I have worked as a researcher in the genetics field for just over ten years. Currently, I manage the human genetics group for the Genome Institute at Washington University, one of three large-scale sequencing centers in the United States. We use a new generation of high-throughput DNA sequencing instruments to aid our research.
Remember the decade-long, $100 million Human Genome Project? We can sequence an entire human genome in about a week for less than $5,000 using these puppies.

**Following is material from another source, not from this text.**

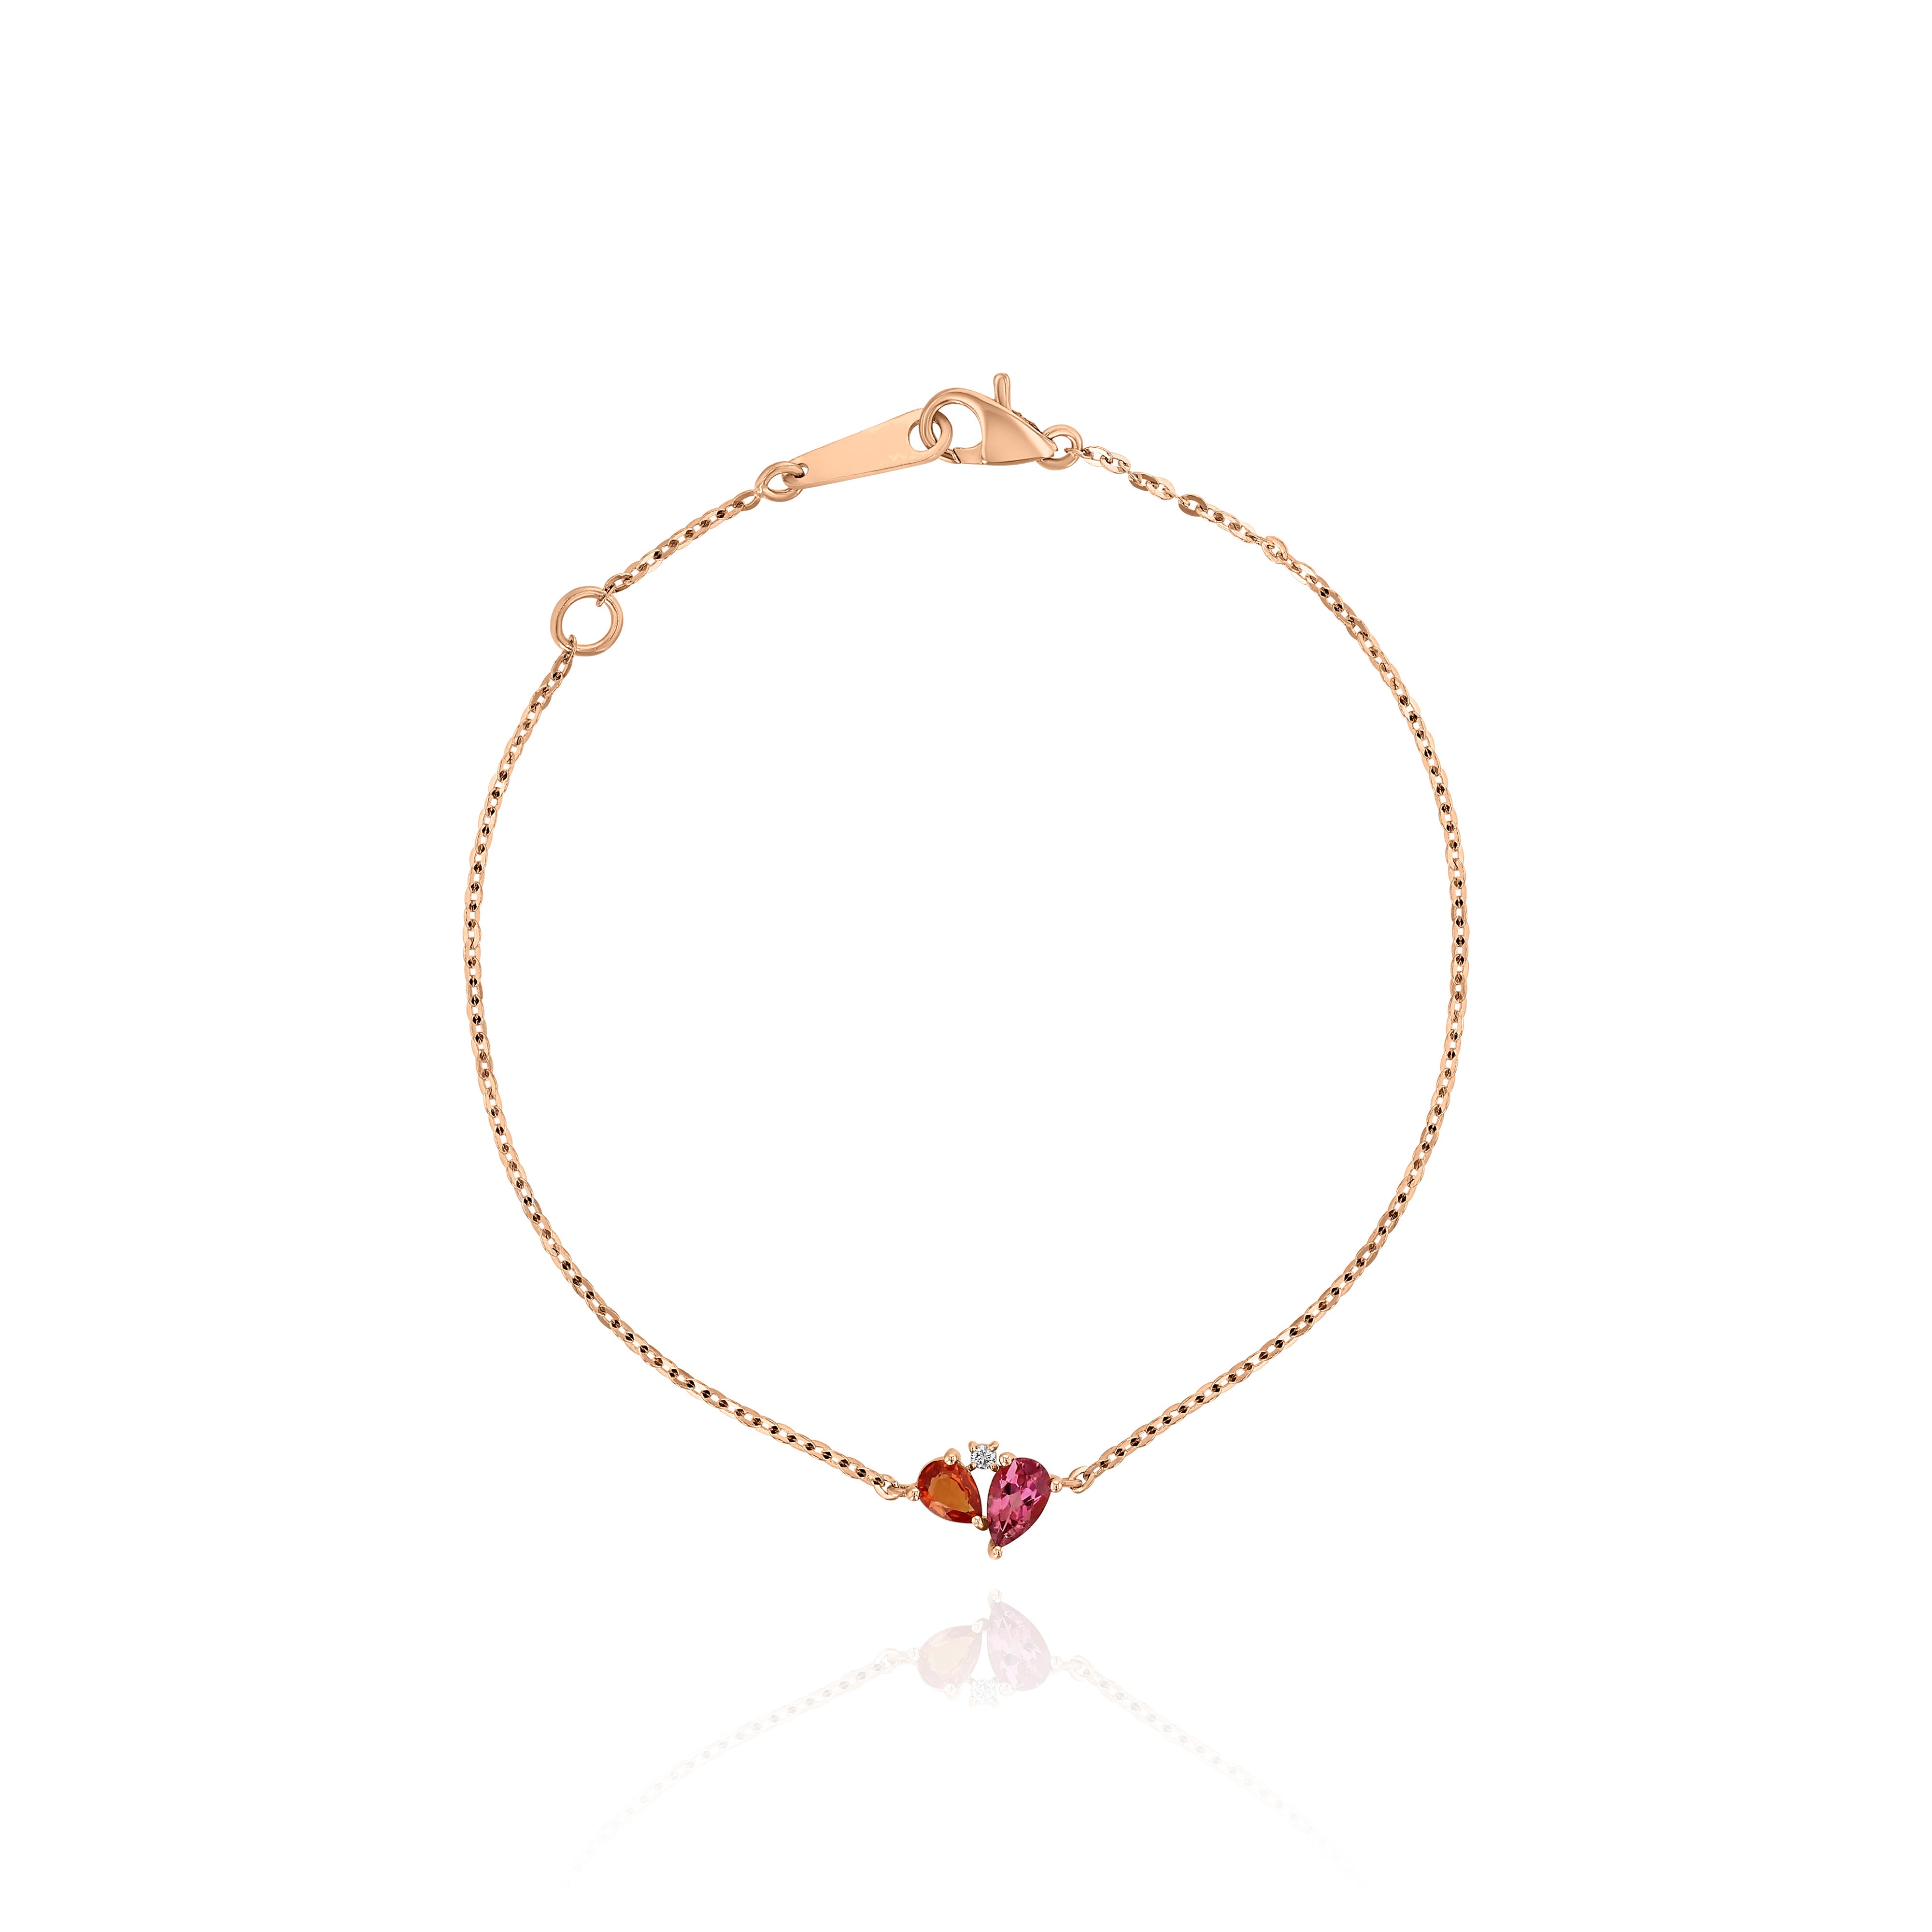 Rose Gold Bracelet with pear shaped Pink Tourmaline and Orange Sapphire, and a round Diamond, Small

The rub, of course, is that the human genome contains about 3.2 billion base pairs, so these new instruments can churn out data a lot faster than we can make sense of it. My group develops and applies new computational algorithms to high-throughput sequencing data, with the goals of:
- Identifying all sequence variants (substitutions, insertions, deletions) present in an individual’s genome.
- Predicting if and how they impact important genome structures, such as protein-coding genes, and
- Determining which sequence variants and genes contribute to human disease.
Our group applies next-generation DNA sequencing technologies to study the genetic basis of:
- Aggressive cancers, specifically breast and prostate carcinoma.
- Retinal diseases such as retinitis pigmentosa (RP) and age-related macular degeneration (AMD).
- Cardiovascular and metabolic diseases, such as dyslipidemia, hypertension, and type 2 diabetes.
- Rare neonatal disorders of suspected genetic origin.